[[ RECORDS SUPPLIED, beginning ]]

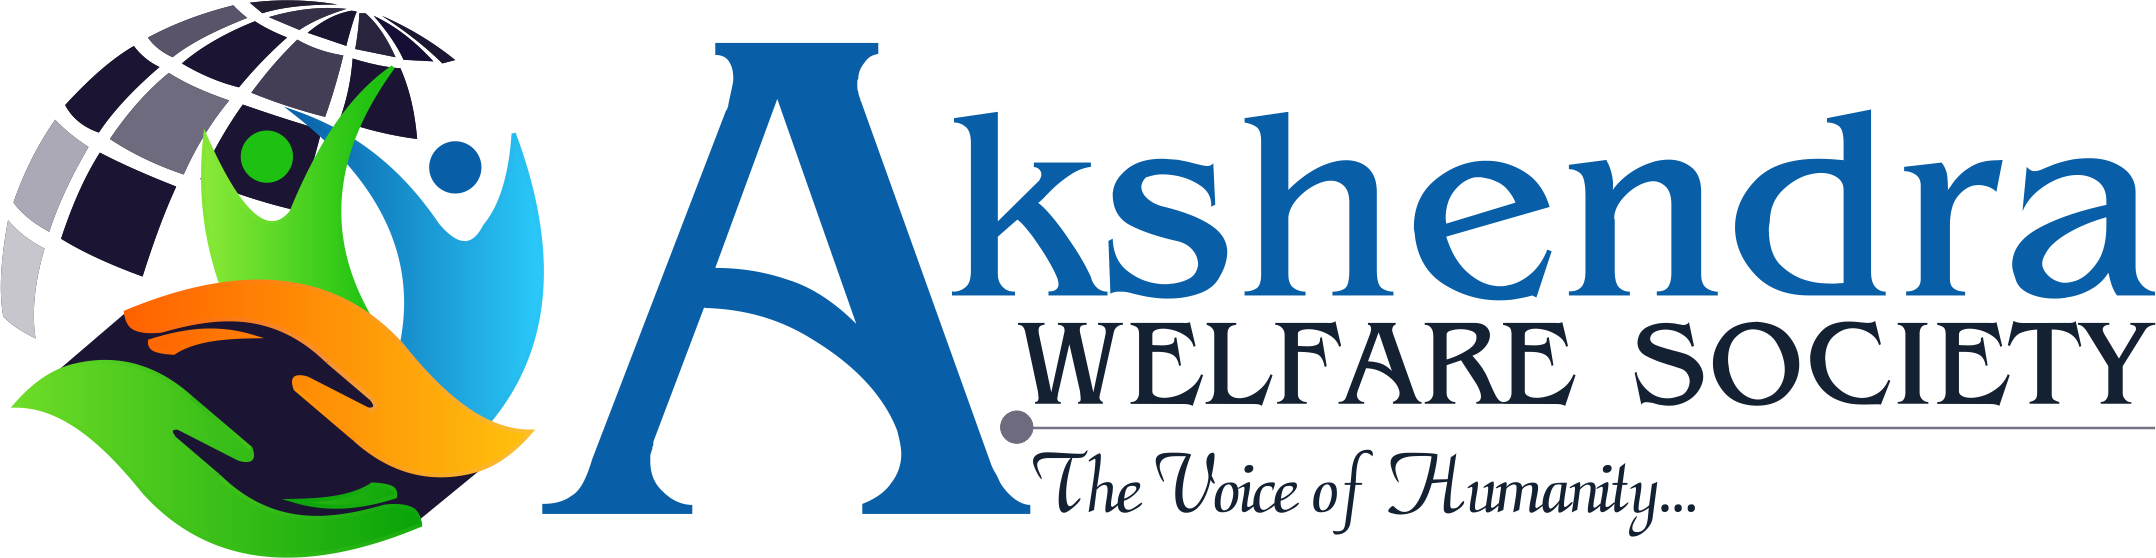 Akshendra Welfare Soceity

[[ RECORDS SUPPLIED, end ]]
[[ RECORDS SUPPLIED, beginning ]]

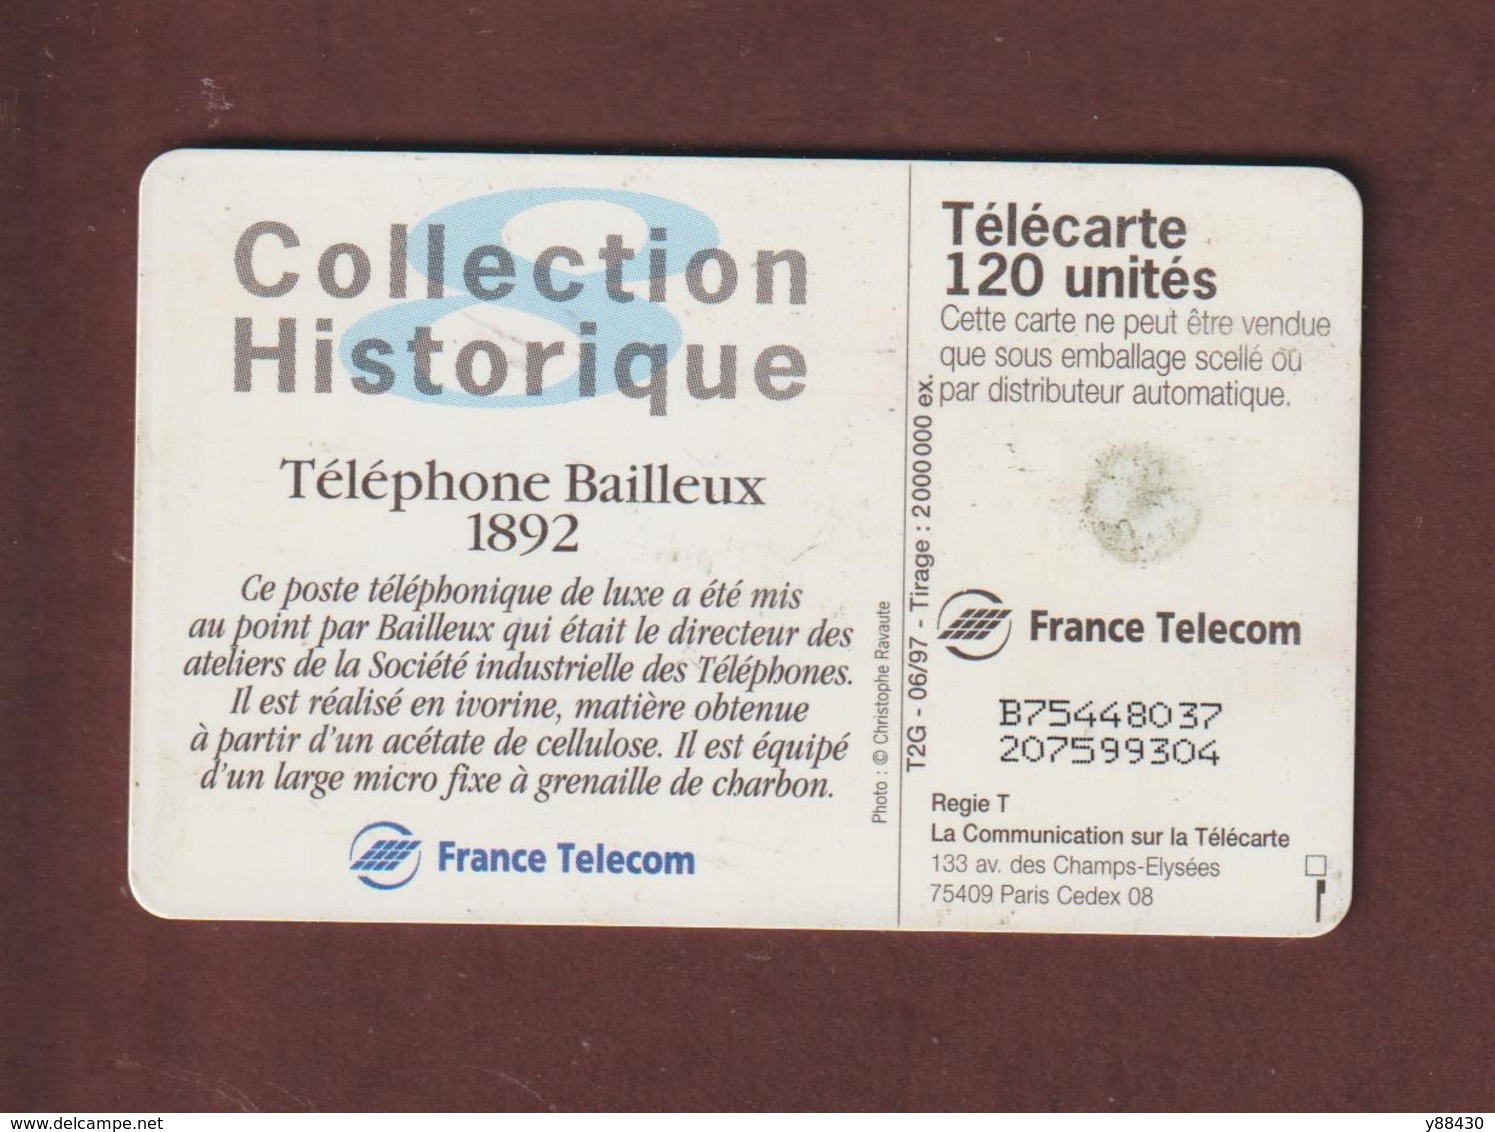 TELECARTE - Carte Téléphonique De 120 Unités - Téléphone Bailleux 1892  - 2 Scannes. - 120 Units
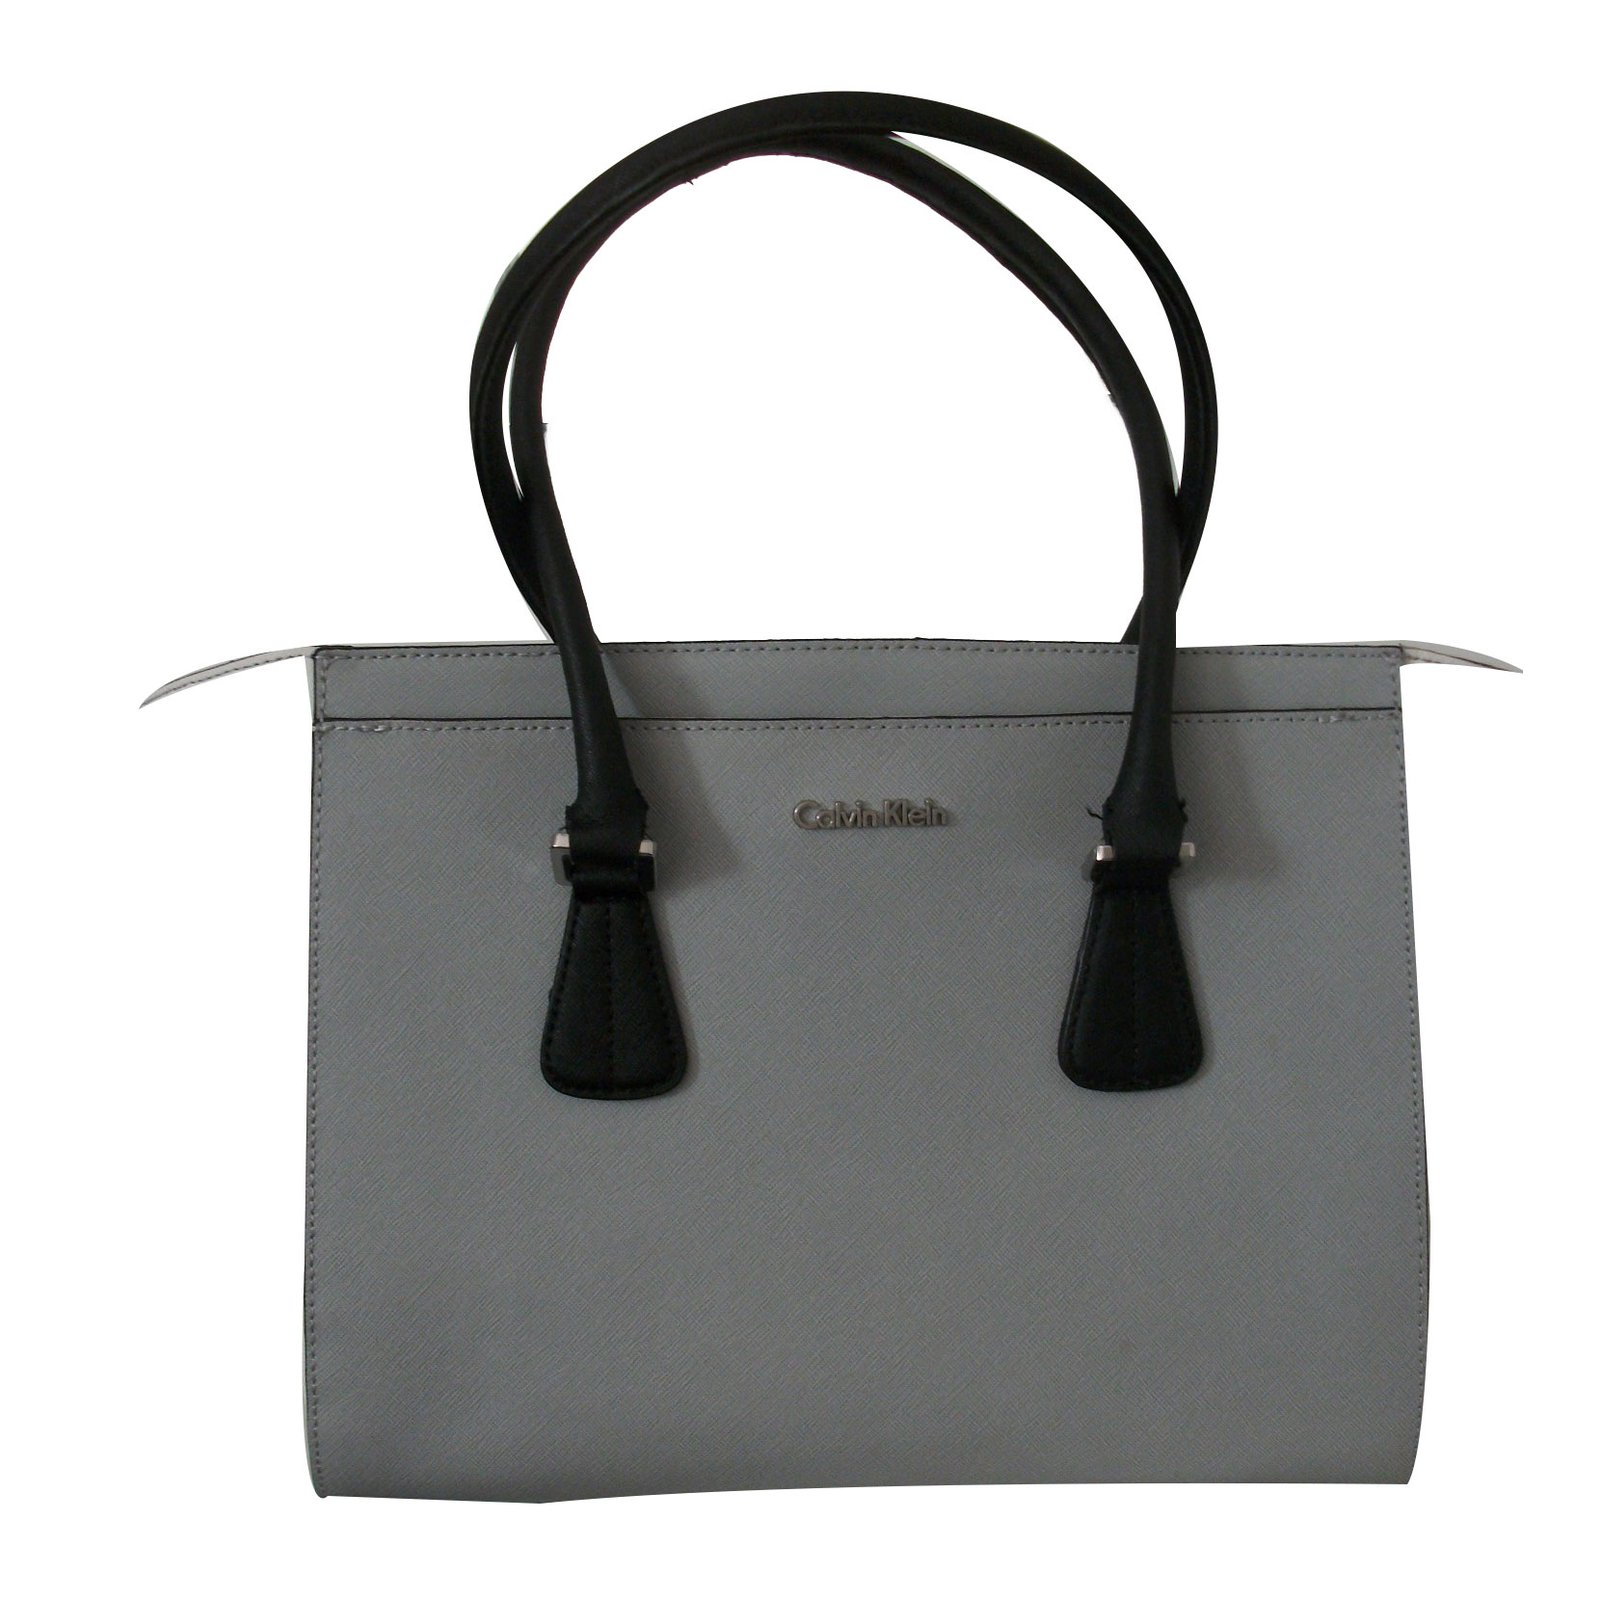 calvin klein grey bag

[[ RECORDS SUPPLIED, end ]]
[[ RECORDS SUPPLIED, beginning ]]

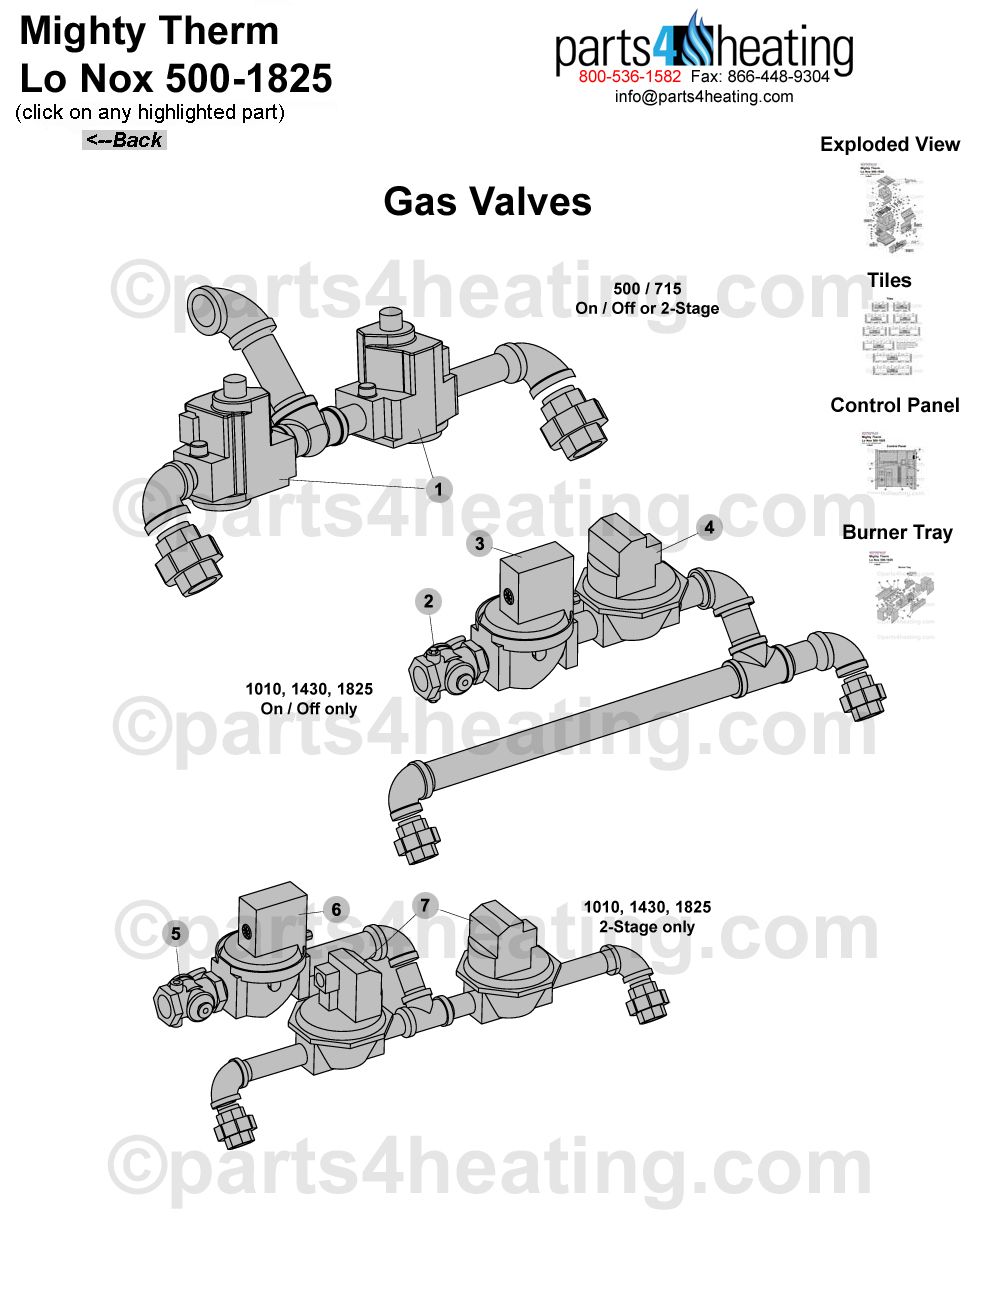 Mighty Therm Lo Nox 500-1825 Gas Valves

[[ RECORDS SUPPLIED, end ]]

> _WORK TO BE COMPLETED_
Only one part of the listing is wanted: the lines from the one containing "TELECARTE - Carte" through the one containing "calvin klein grey bag", both included. Please transcribe it exactly, leaving out the pictures.

> _ANSWER TO THIS PROBLEM_
 TELECARTE - Carte Téléphonique De 120 Unités - Téléphone Bailleux 1892  - 2 Scannes. - 120 Units
 calvin klein grey bag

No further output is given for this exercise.